Replacing double backslashes with single backslash

Vinay thallam picture Vinay thallam · Jun 13, 2012 · Viewed 20.2k times · Source

I have a string "\\u003c", which belongs to UTF-8 charset. I am unable to decode it to unicode because of the presence of double backslashes. How do i get "\u003c" from "\\u003c"? I am using java.

I tried with,

myString.replace("\\\\", "\\");

but could not achieve what i wanted.

This is my code,

String myString = FileUtils.readFileToString(file);
String a = myString.replace("\\\\", "\\");
byte[] utf8 = a.getBytes();

// Convert from UTF-8 to Unicode
a = new String(utf8, "UTF-8");
System.out.println("Converted string is:"+a);

and content of the file is

\u003c

Answer

mtyson picture mtyson · Jun 19, 2016

You can use String#replaceAll:

String str = "\\\\u003c";
str= str.replaceAll("\\\\\\\\", "\\\\");
System.out.println(str);

It looks weird because the first argument is a string defining a regular expression, and \ is a special character both in string literals and in regular expressions.
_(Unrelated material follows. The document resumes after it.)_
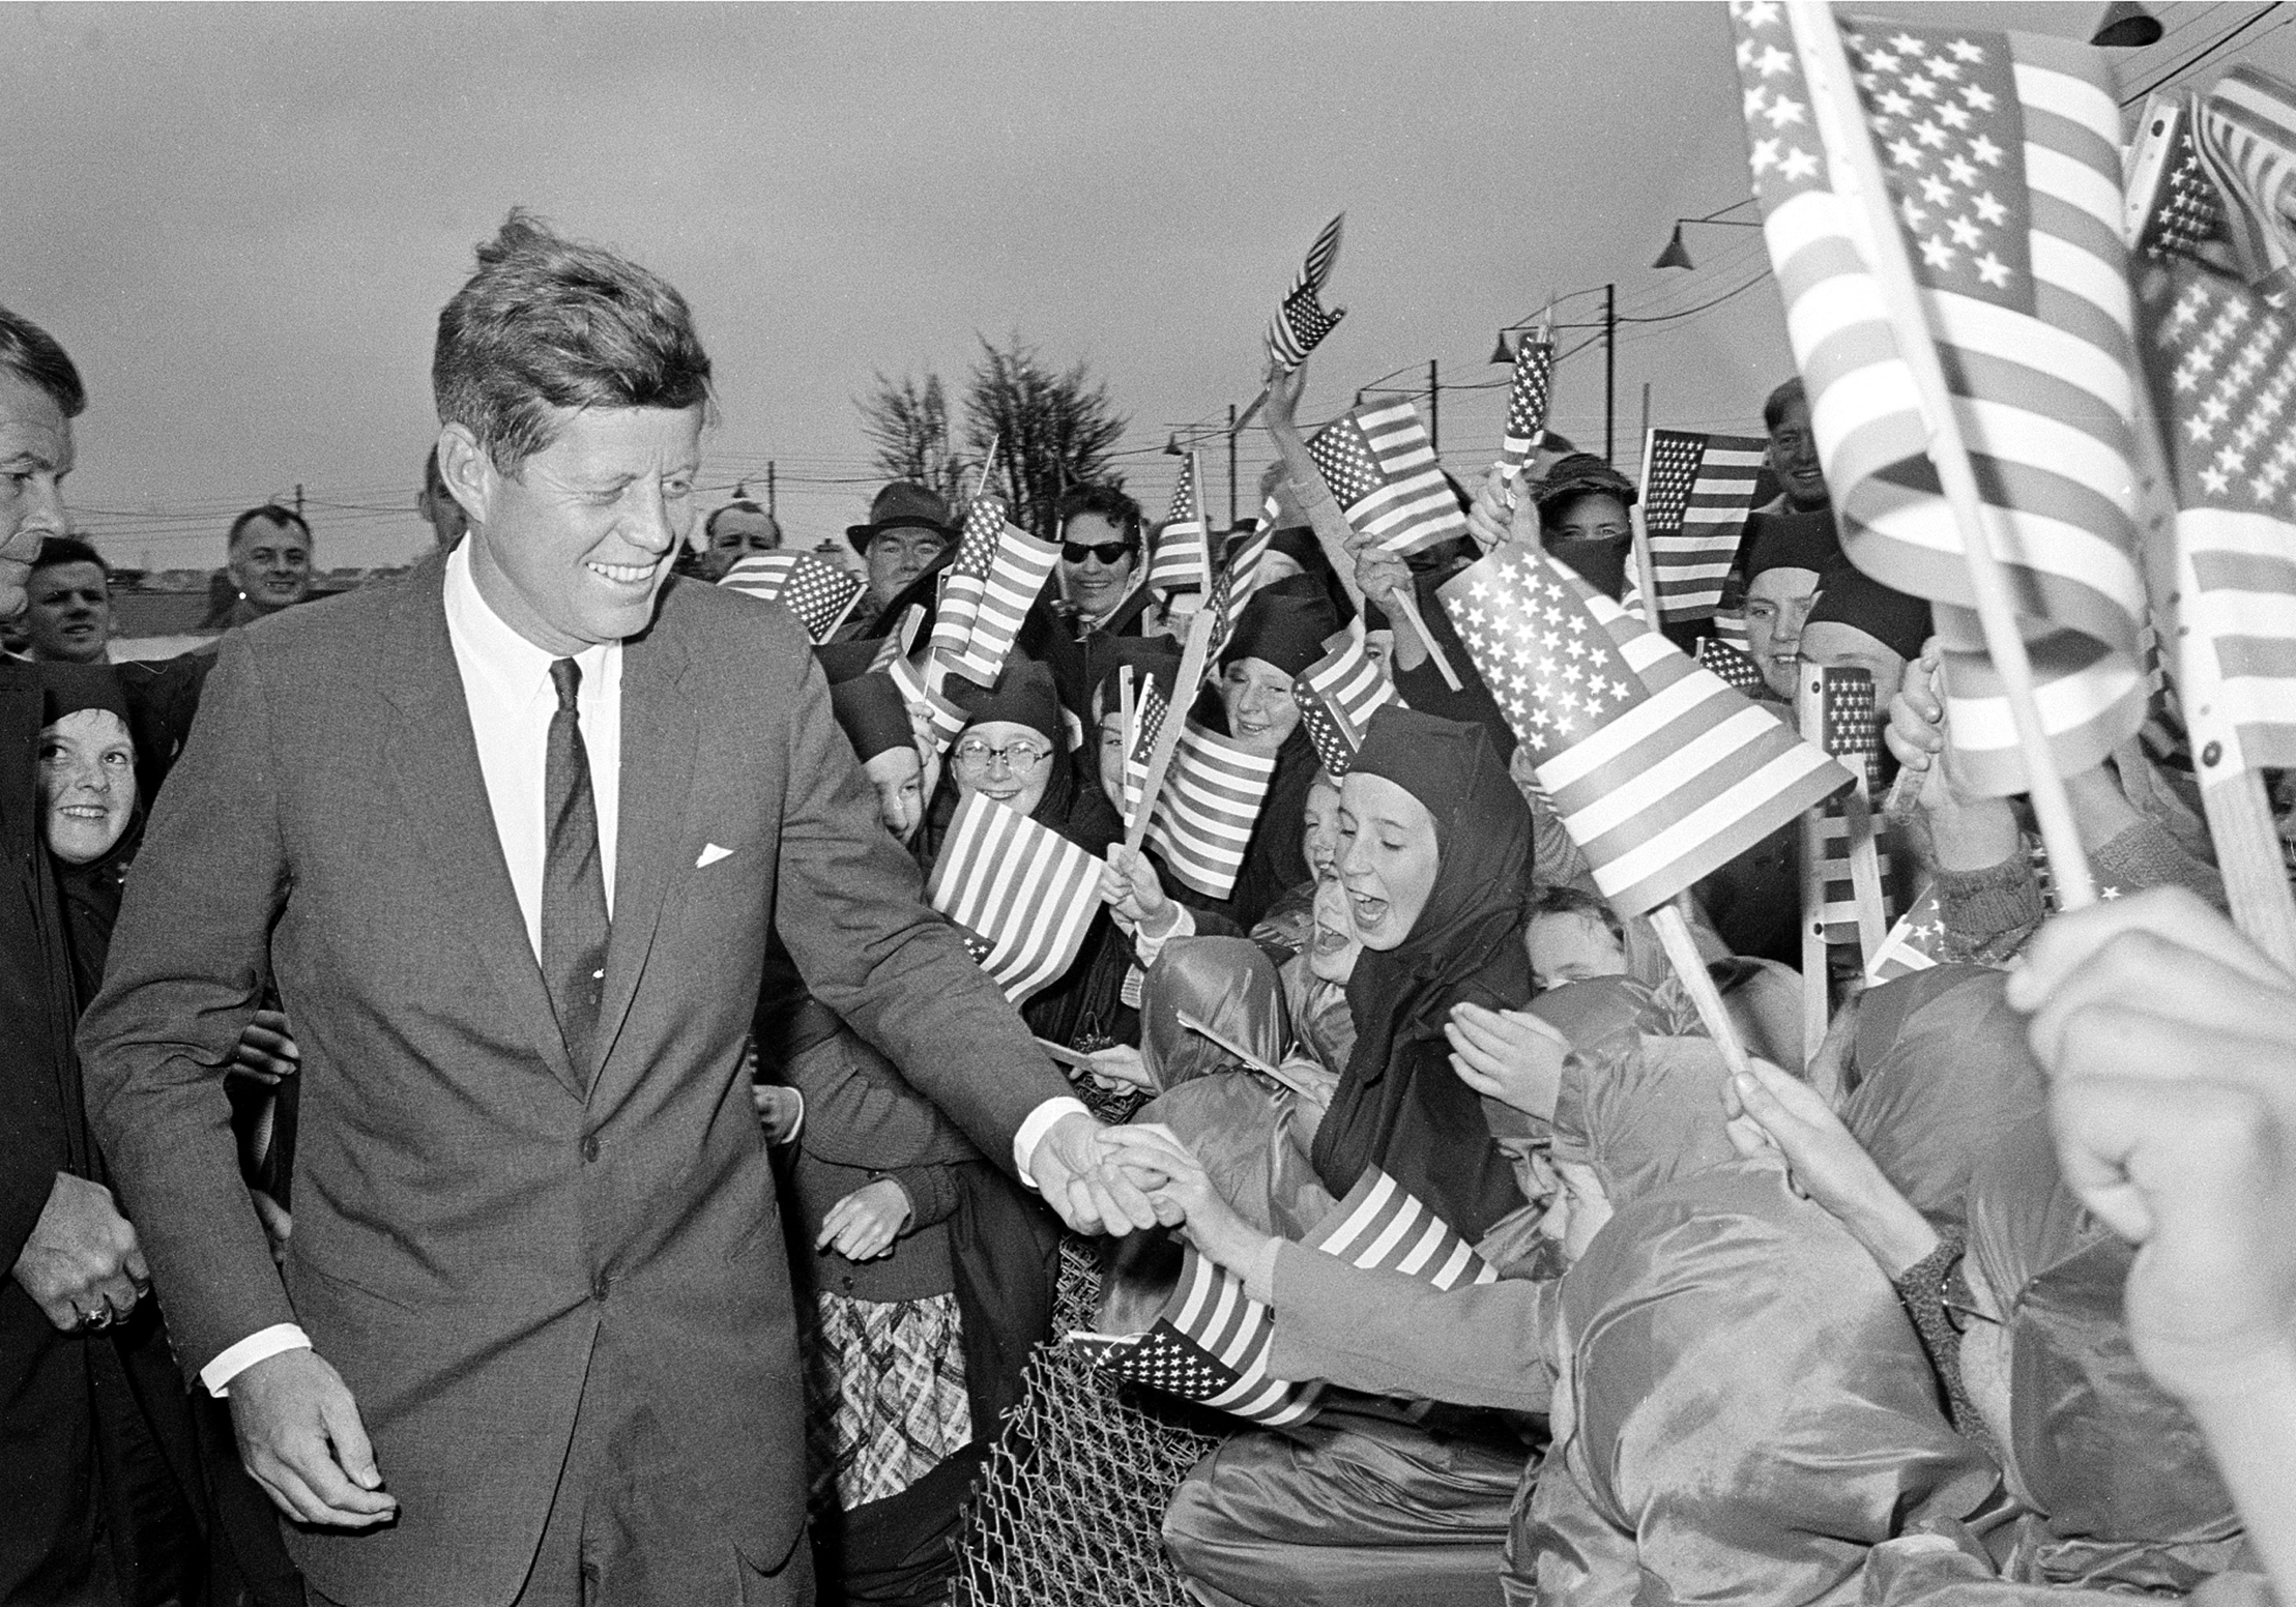 U.S. President John F. Kennedy is greeted by an enthusiastic crowd of children and nuns from the Convent of Mercy, as he arrives from Dublin by helicopter at Galway's sports ground, Ireland, June 29, 1963. (AP Photo)

To actually put a \ in our search string, we need to escape it (\\) in the literal. But to actually put a \ in the regular expression, we have to escape it at the regular expression level as well. So to literally get \\ in a string, we need write \\\\ in the string literal; and to get two literal \\ to the regular expression engine, we need to escape those as well, so we end up with \\\\\\\\. That is:

String Literal        String                      Meaning to Regex
−−−−−−−−−−−−−−−−−−−−− −−−−−−−−−−−−−−−−−−−−−−−−−−− −−−−−−−−−−−−−−−−−
\                     Escape the next character   Would depend on next char
\\                    \                           Escape the next character
\\\\                  \\                          Literal \
\\\\\\\\              \\\\                        Literal \\

In the replacement parameter, even though it's not a regex, it still treats \ and $ specially — and so we have to escape them in the replacement as well. So to get one backslash in the replacement, we need four in that string literal.